**Work item**
Retyped exactly and without pictures, the lines from the one with "Télécarte Japon /" through the end of the listing must form the entire answer.

**Data excerpt**
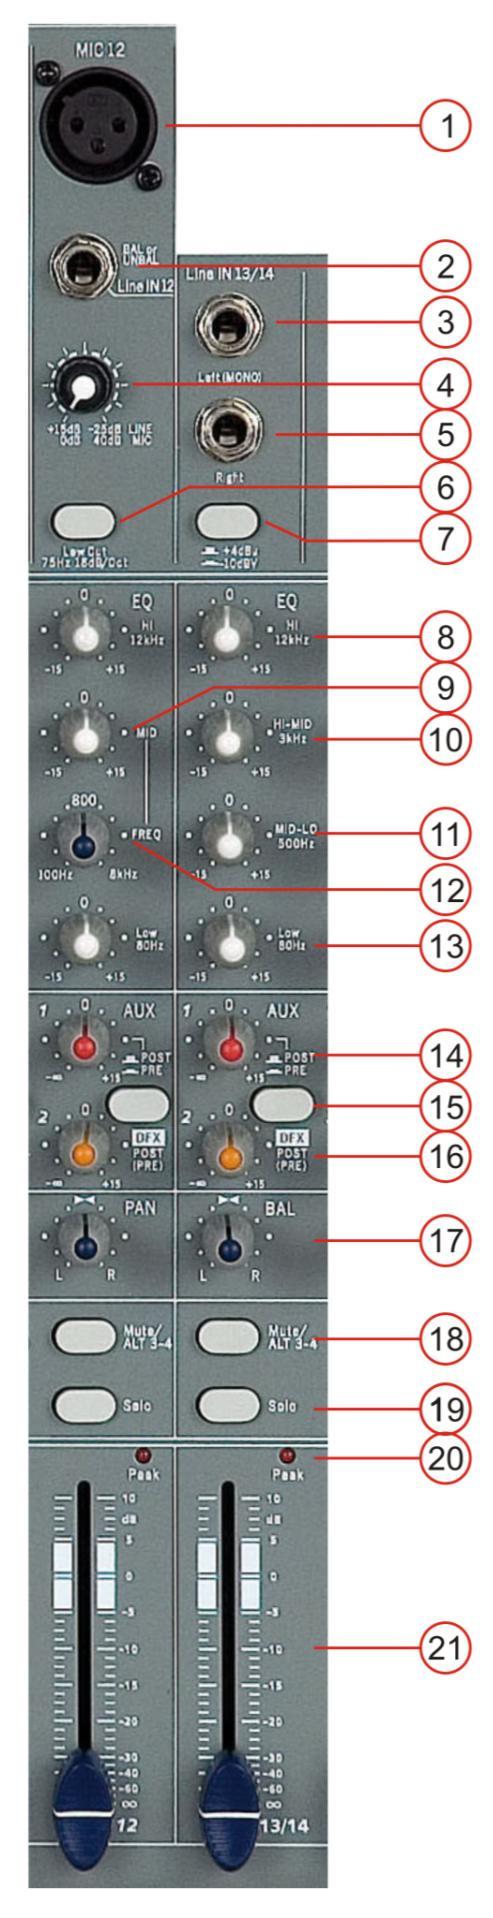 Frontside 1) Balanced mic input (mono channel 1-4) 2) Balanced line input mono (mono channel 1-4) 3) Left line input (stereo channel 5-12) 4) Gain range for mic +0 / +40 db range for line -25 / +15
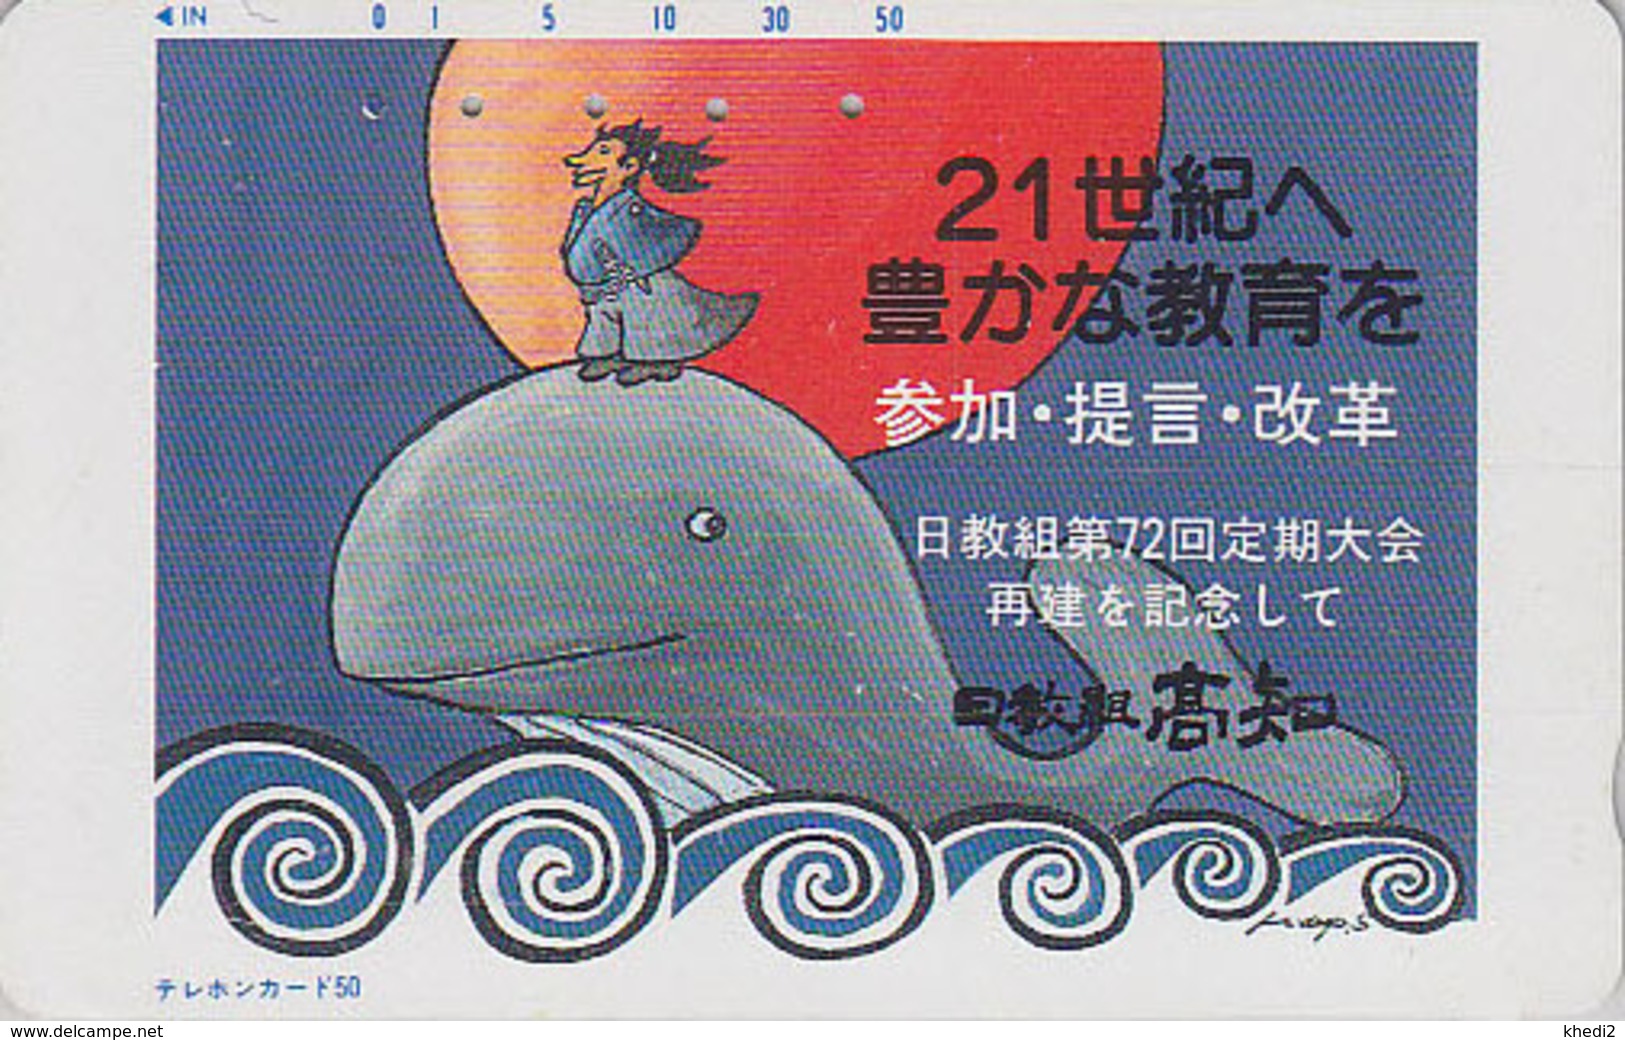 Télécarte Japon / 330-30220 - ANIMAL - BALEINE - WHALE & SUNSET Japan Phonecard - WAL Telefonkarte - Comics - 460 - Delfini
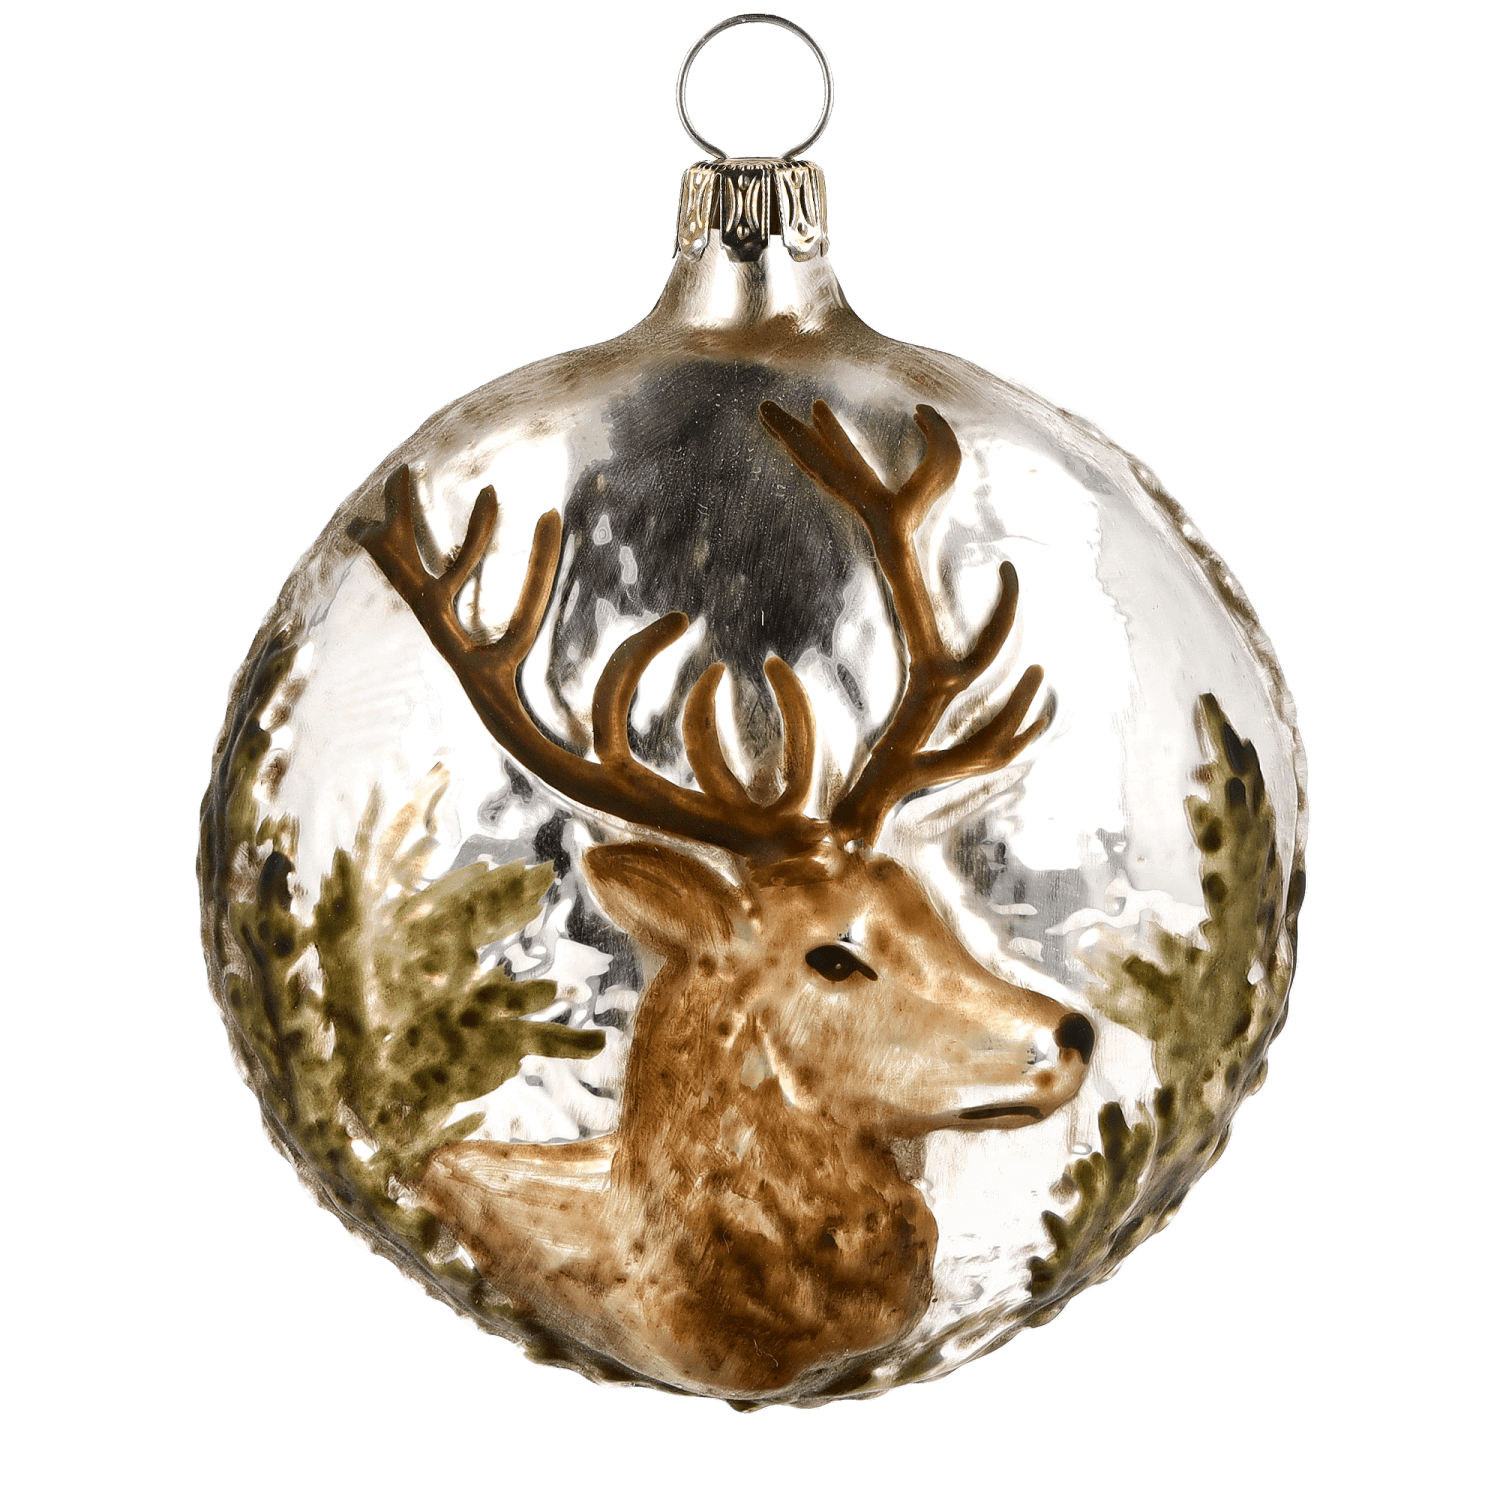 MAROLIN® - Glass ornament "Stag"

**Completed exercise**
 Télécarte Japon / 330-30220 - ANIMAL - BALEINE - WHALE & SUNSET Japan Phonecard - WAL Telefonkarte - Comics - 460 - Delfini
 MAROLIN® - Glass ornament "Stag"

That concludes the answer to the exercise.